Examine the latitude coordinate variable

Typically, the latitude coordinate variable will be in ascending order. However, in some datasets the order is reversed, i.e the order is descending.

By examining the first and last values on our latitude array (below), we can see that the values are descending.
* In practice what this means is that when you slice (subset) using latitude later in this tutorial, you will put the largest latitude value first.

print('First latitude value', ds.latitude[0].item())
print('Last latitude value', ds.latitude[-1].item())
First latitude value 41.5
Last latitude value 40.204

3. Working with the data

Creating a Faceted Plot of Monthly Mean Chlorophyll-a for 2022

In this example, we plot directly from an xarray object using its built-in .plot() method. This is a quick and convenient way to create faceted maps, though it offers limited control over layout and map styling compared to using matplotlib or cartopy directly.

The col and col_wrap arguments define which dimension to facet over (in this case, “time”) and how many panels to display per row. The cbar_kwargs dictionary gives access to colorbar customization, such as setting the label and size.

ds_mon.chlor_a.plot(col="time",
                    col_wrap=4,
                    cmap="turbo",
                    vmin=0, vmax=20,
                    figsize=(15, 10),
                    aspect=1.5,
                    cbar_kwargs={
                        'label': 'Chlorophyll-a (mg m$^{-3}$)',
                        'shrink': 0.7,
                        }
                        )

Creating a Map of Average Chlorophyll-a Over the Year

Compute the yearly mean for the region

Here we use NumPy’s mean function to calculate the average chlorophyll-a across the time dimension (axis 0), resulting in a xarray dataarray of yearly mean values.

ds_yearly = np.mean(ds_mon.chlor_a, axis=0)

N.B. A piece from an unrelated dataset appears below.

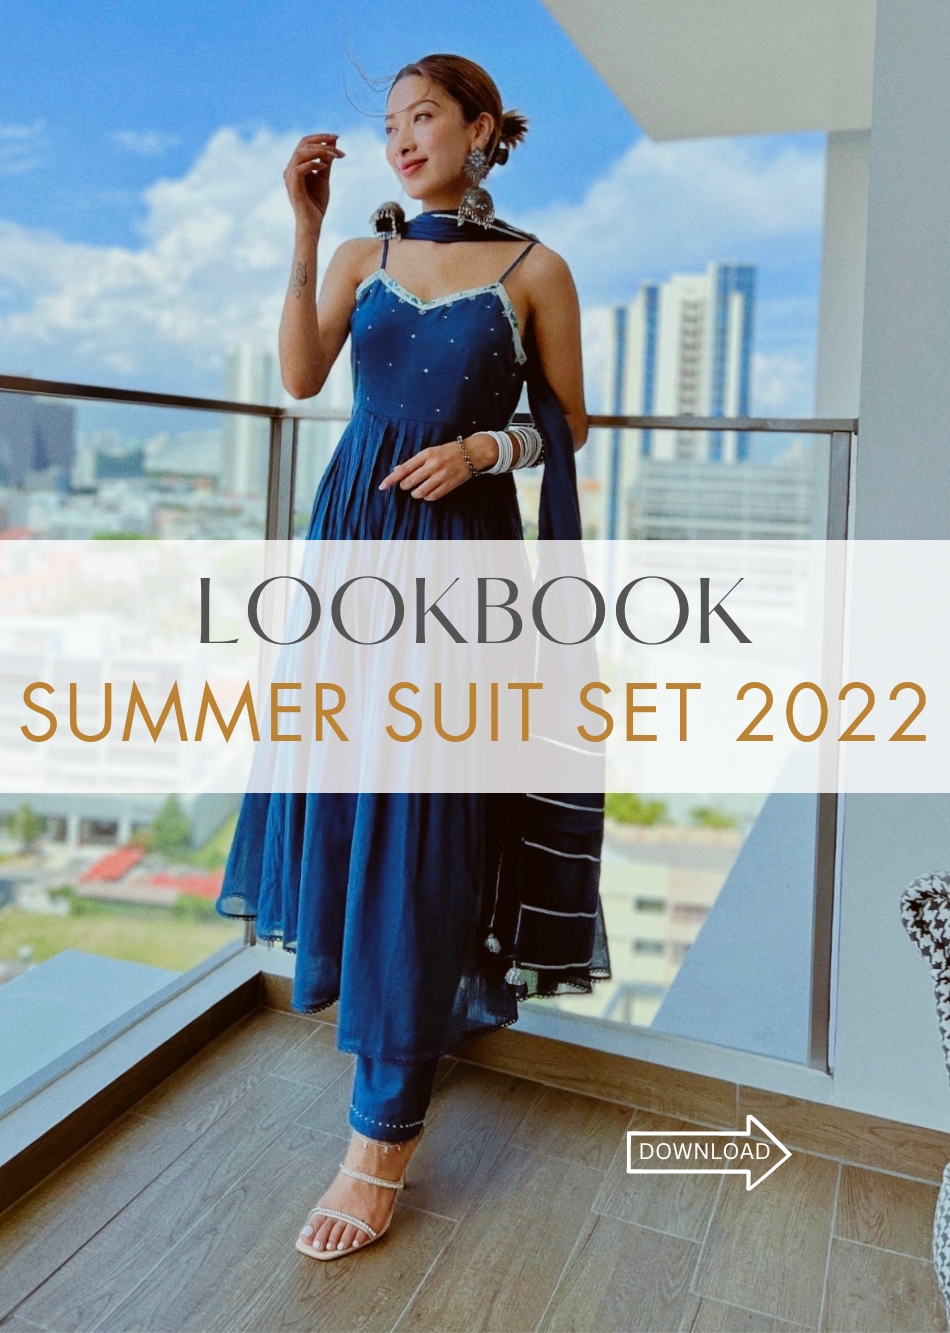 Summer Suit Sets 2022

Plot the map of the 2022 average SST in the region

plt.pcolormesh(ds_yearly.longitude, ds_yearly.latitude, ds_yearly, cmap="turbo", vmin=0, vmax=20)
plt.colorbar()
plt.title("Mean Chl-a " 
          + ds_mon.time[0].dt.strftime('%b %Y').item() 
          + ' - '
          + ds_mon.time[11].dt.strftime('%b %Y').item())

plt.show()

Spatial Subset and Time Series Comparing Chlorophyll-a Seasonal Cycles in Western and Eastern Long Island Sound

Subset the data - West Long Island Ssound bewteen -73.9o to -73.1o W longitude - East Long Island Ssound bewteen -72.9o to -71.8o W longitude

We are going to generate a time series of mean SST within each box.

da_west = ds.sel(longitude=slice(-73.9, -73.1))
da_east = ds.sel(longitude=slice(-72.9, -71.8))

Examine the structure of the subsetted data.

The subsets are 3D arrays with 365 time steps, each with 481 rows corresponding to latitudes (full LIS latitudinal extent) and 296 / 406 columns corresponding to longitudes in the West and East, respectively.

print(f"West shape: {da_west.chlor_a.shape}")
print(f"West shape: {da_east.chlor_a.shape}")
West shape: (365, 481, 296)
West shape: (365, 481, 406)

Resmaple each subset to an 8-Day means

Plotting a daily time series can often be messy, so we compute 8-day averages to smooth the data and highlight seasonal patterns.

da_west = da_west.resample(time="8D").mean()
da_east = da_east.resample(time="8D").mean()

Compute a time series

Now, we will average all data within each subset across the latitude and longitude dimensions to produce a single time series.

west_TS = da_west.chlor_a.mean(dim=("latitude","longitude"))
east_TS = da_east.chlor_a.mean(dim=("latitude","longitude"))

Plot the time-series

plt.figure(figsize=(8, 4))
plt.plot(west_TS.time, west_TS, label="West LIS", marker="o", c="tab:blue")
plt.plot(east_TS.time, east_TS, label="East LIS", marker="o", c="tab:red")


plt.ylabel('Chlorophyll-a (mg m$^{-3}$)')
plt.legend()